FINDING THE RIGHT PEOPLETo help contractors handle all the extra work coming their way, Nicholson addressed technician labor shortage.
He said contractors have two options on hiring. They can hire technicians or nontechnicians, but in an industry with a labor shortage, “you’d have to wonder why a good technician would be unemployed.”
Nicholson addressed that concern with a humorous “he said/he said” scenario between technicians and owners. While a technician might say, “There wasn’t enough work to keep me busy,” the previous employer would explain, “He could never get out of bed.”
Nicholson said owners fall into desperate contracting. “We put on rose-colored glasses about a candidate because we’re in such desperate need of help that we don’t want to verify what the technician says,” he said. “We believe the technician because we assume we’re either a better manager or a better company.

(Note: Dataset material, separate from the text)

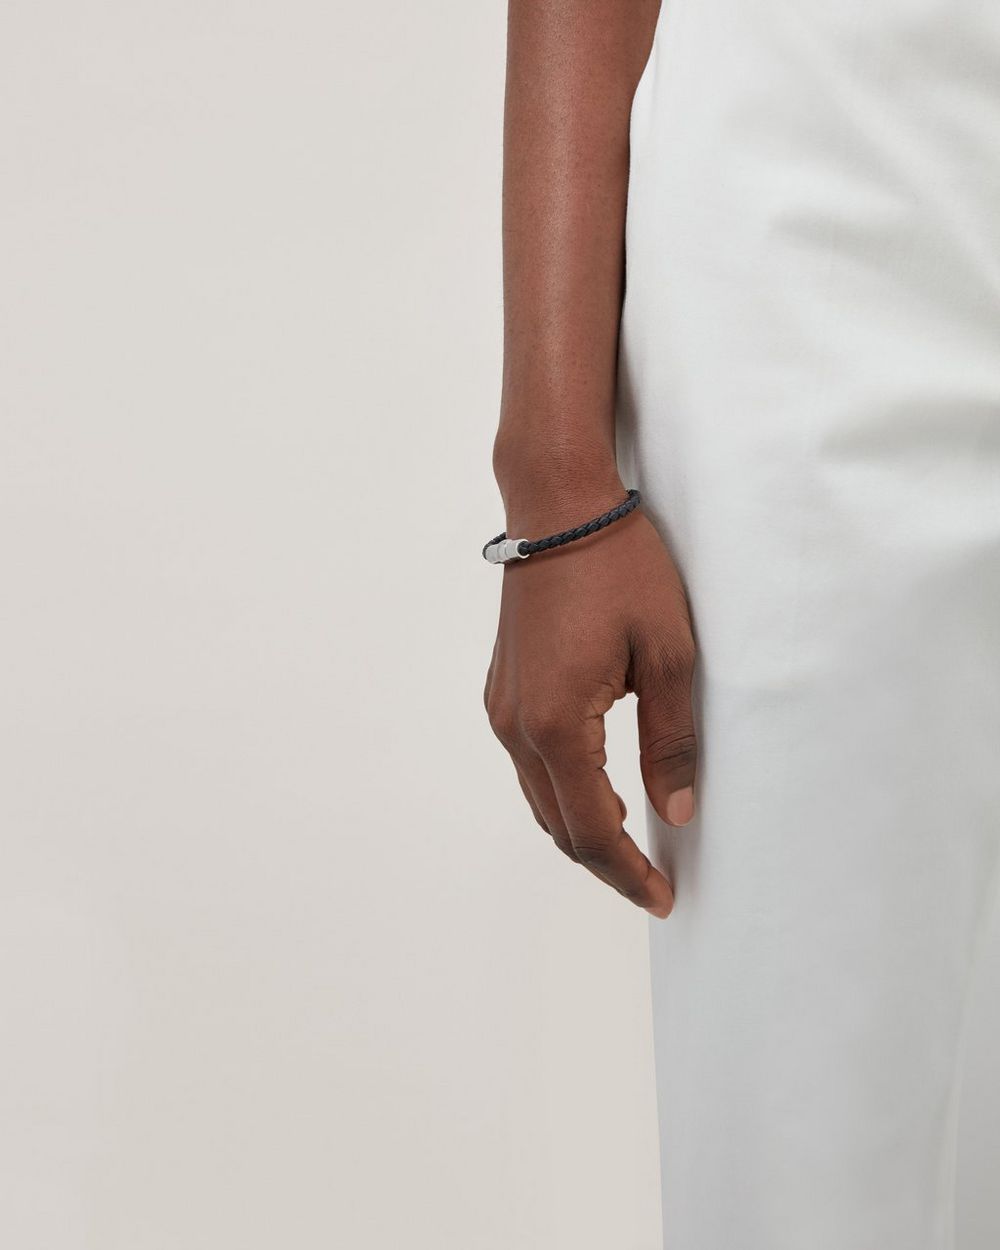 Cartier bracelet for men, black leather, double shine

“We hire them on the spot, and when we do, we’re caught in the retread technician trap. When we see the bad habits, we release that technician, and we’ve fallen right into the ‘catch and release’ labor pool. We catch a retread technician and then release him back into the pool.”
He noted that the technician labor pool is very small and shallow today, and the chances of finding a successful technician there are very slim. To solve the problem, Nicholson suggested contractors look in the larger ocean of honest, drug-free, loyal people with great attitudes outside the industry.

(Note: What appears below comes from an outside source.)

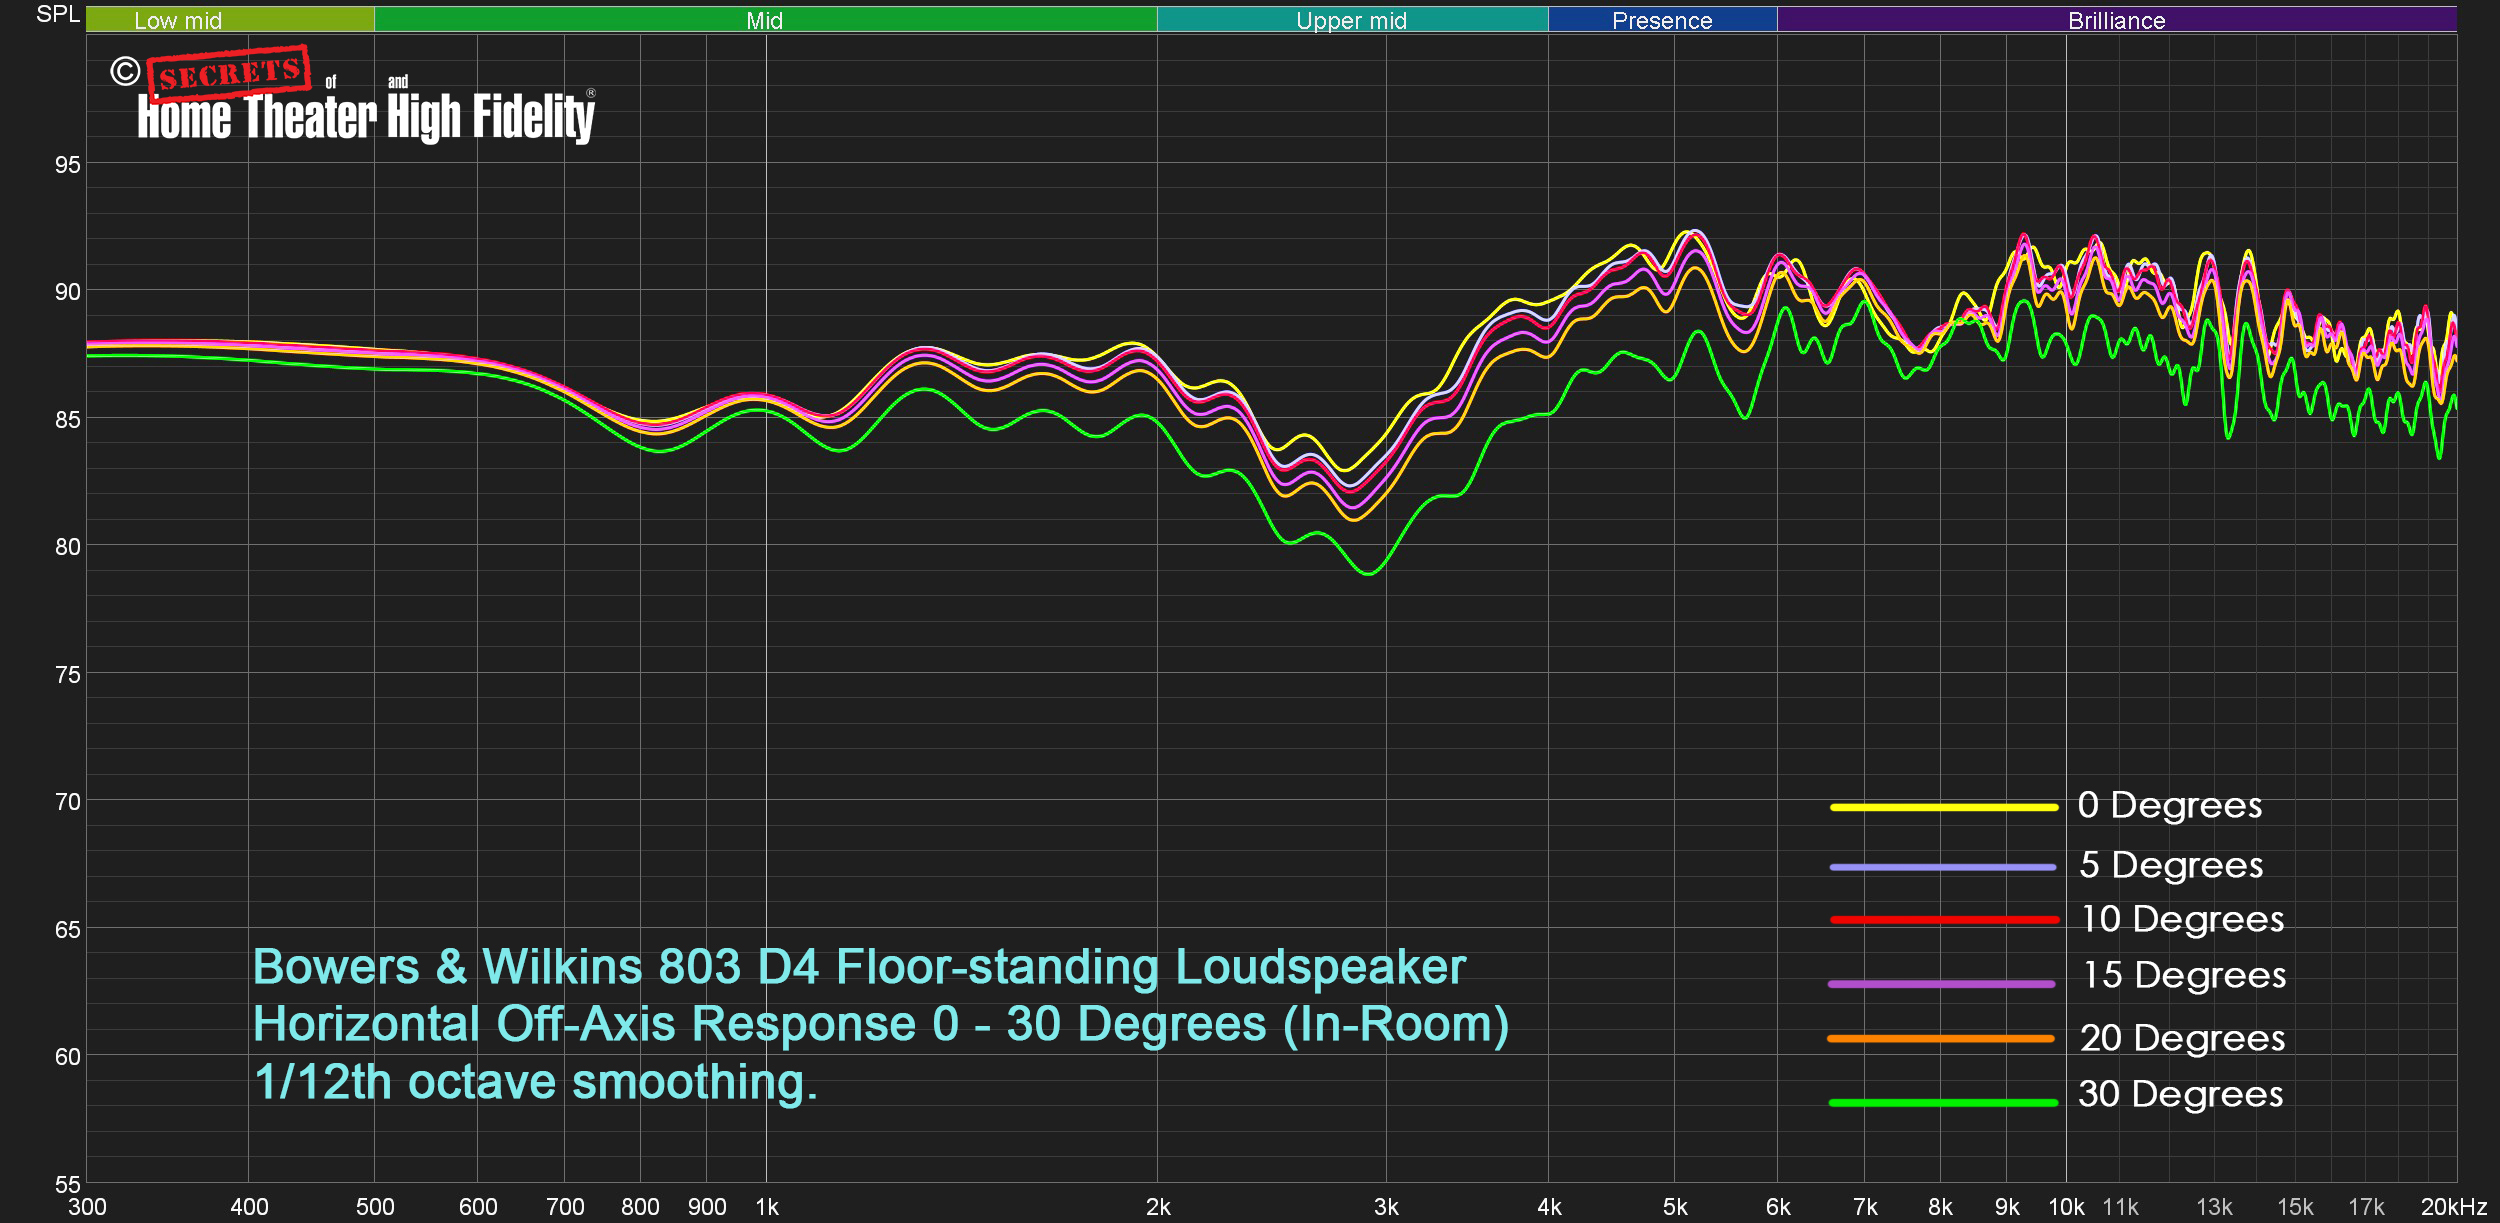 Bowers & Wilkins 803 D4 Loudspeakers Average In Room Off-Axis Response

THE SECRETS OF THE REPLACEMENT ALL-STARSThe Sept. 11, 2006, issue of The NEWS featured the top 22 residential replacement companies in North America. Of those 22, Nicholson noted that nine contractors are AirTime 500 members. Those All-Stars shared their insights and wisdom on how they became dominant replacement companies in a special panel discussion at the expo.

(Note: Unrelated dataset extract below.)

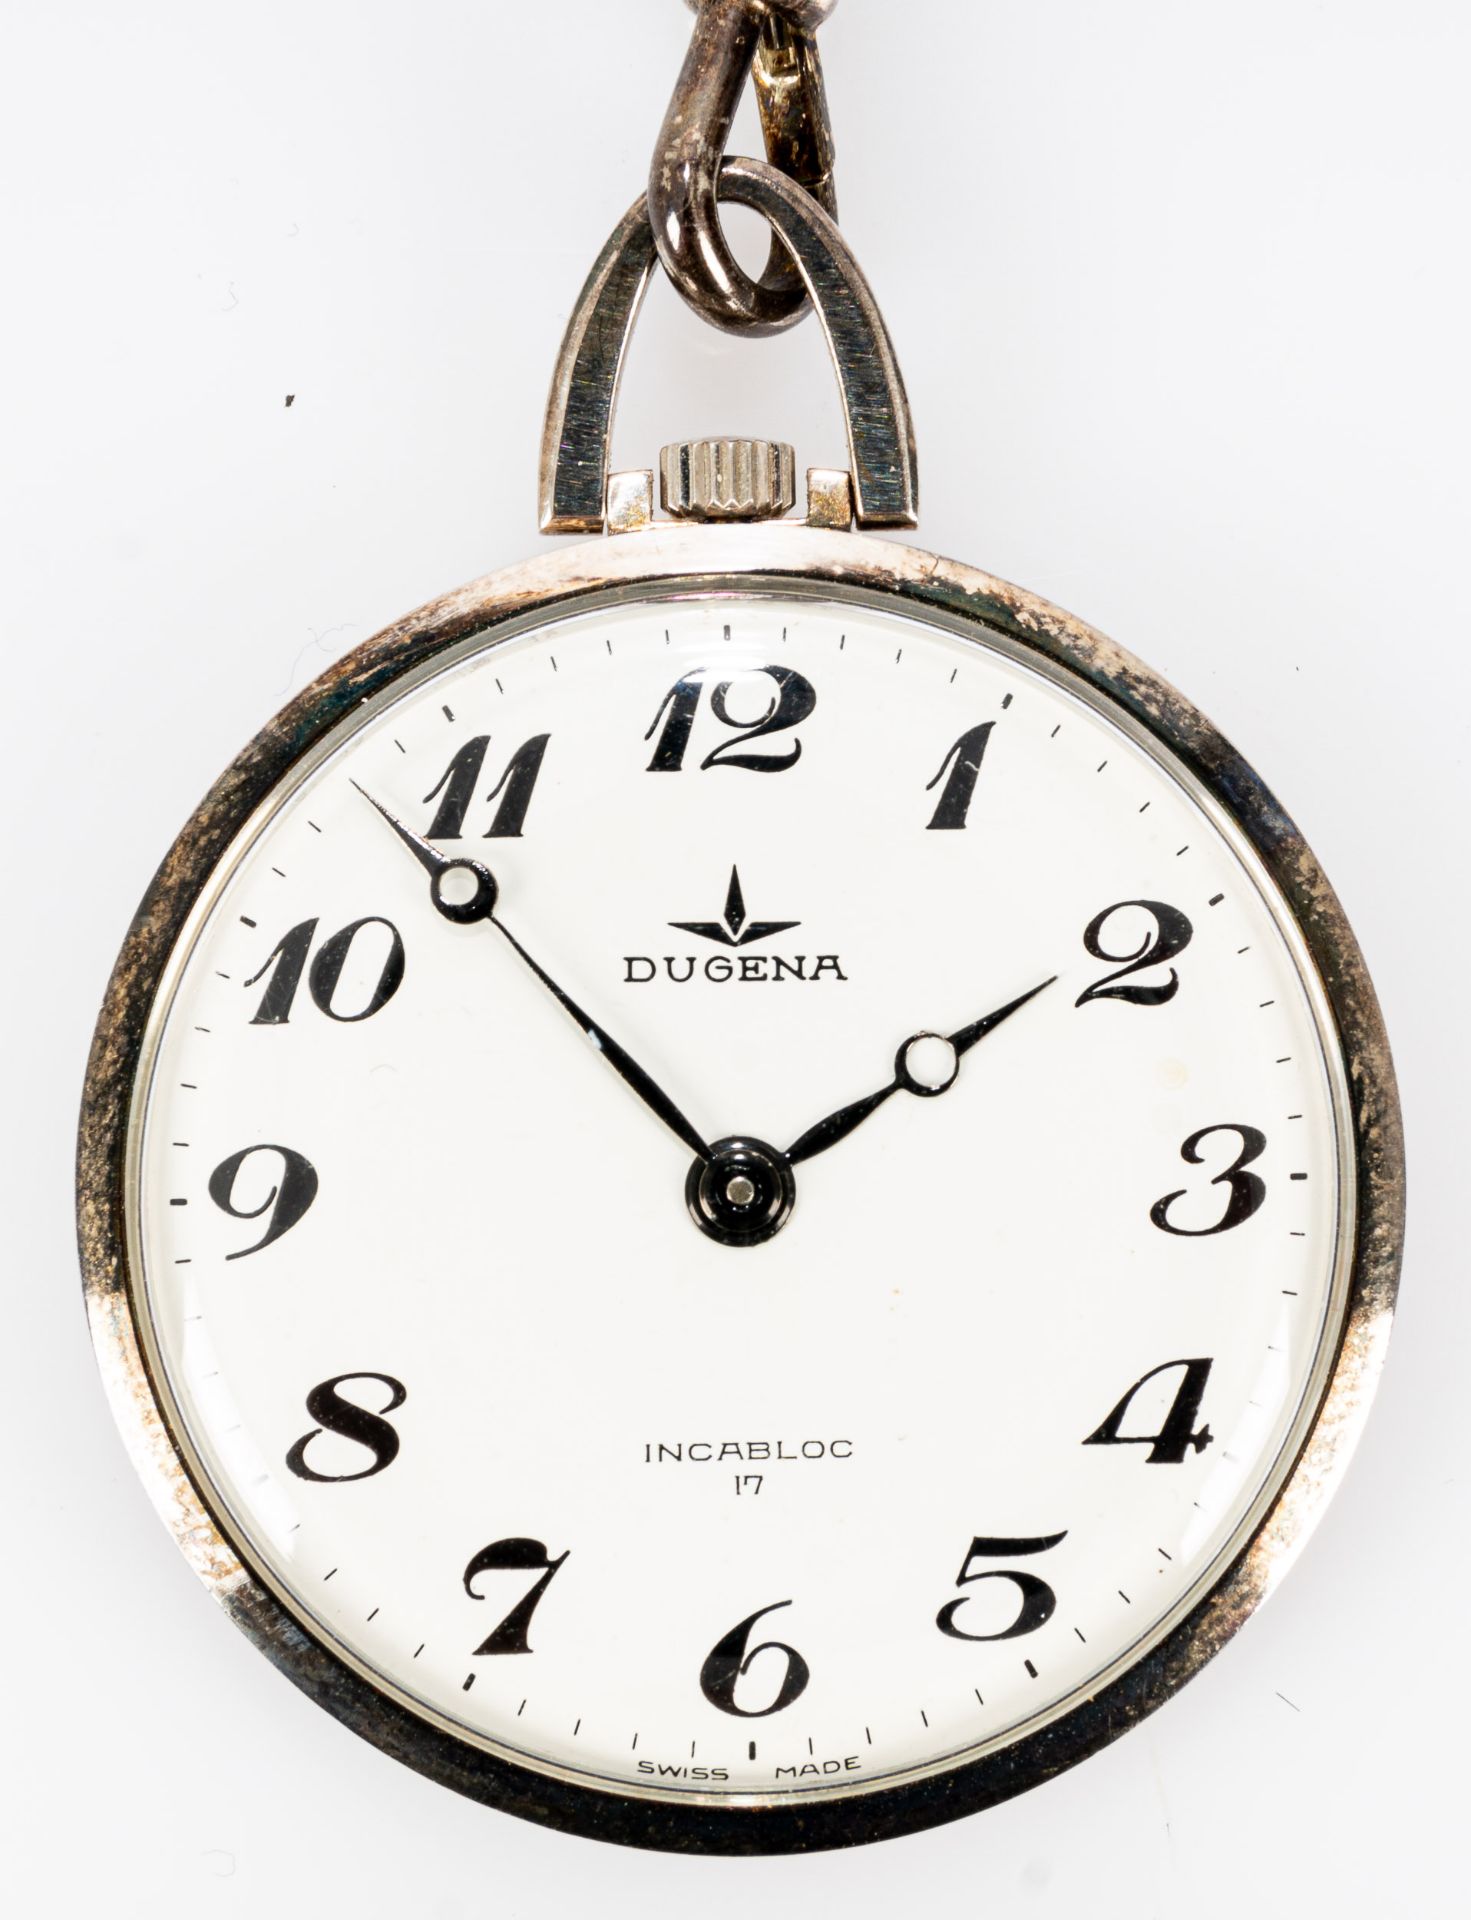 DUGENA-Frackuhr an silberfarbener Gliederkette, ungeprüftes mechanisches Uhrwerk, guter Erhalt, 2.  - Bild 3 aus 4

The discussion brought to light the various ways to succeed in the HVAC industry. For instance, Troy Rainsberg of Horizon Services in Wilmington, Del., said his company has grown from $1.3 million in revenue 11 years ago to finishing last year at over $23 million in revenue, relying solely on salespeople for their replacement sales. Contrast that with Gary Weeks of Weeks Service Co., League City, Texas, who relies on his technicians for sales. And there are others who use a combination of both.
Each unanimously agreed that it’s not your method of operation but your execution of that method that will determine your success.
Regarding marketing, All-Star Leland Smith of Service Champions in Yorba Linda, Calif., said, “I am the most boring marketer you’ll ever see.” Smith started his business in March of 2000 and just completed 2006 with over $12 million in revenue. To do it, he used the same two marketing pieces John Young introduced over 15 years ago. He said he simply executes on his plan and does it extremely well.
Contrast that with Brett Hobson of Comfort Experts in Weatherford, Texas, who always experiments with marketing and tries new pieces. He said that often the pieces he expects to get results get no response while the others he is nearly embarrassed to mail out get the best results. Hobson insists that it’s always best to test your marketing.
Nicholson said, “It’s an honor to be able to serve the most successful contractors in the industry. Success Group International is the world’s largest and foremost success school for contractors, and part of the reason why is the outstanding members on our brain-trust team such as these All-Stars. With their help, we continue to share ideas on maintaining a competitive advantage and create cutting-edge information that keeps them leading the field.”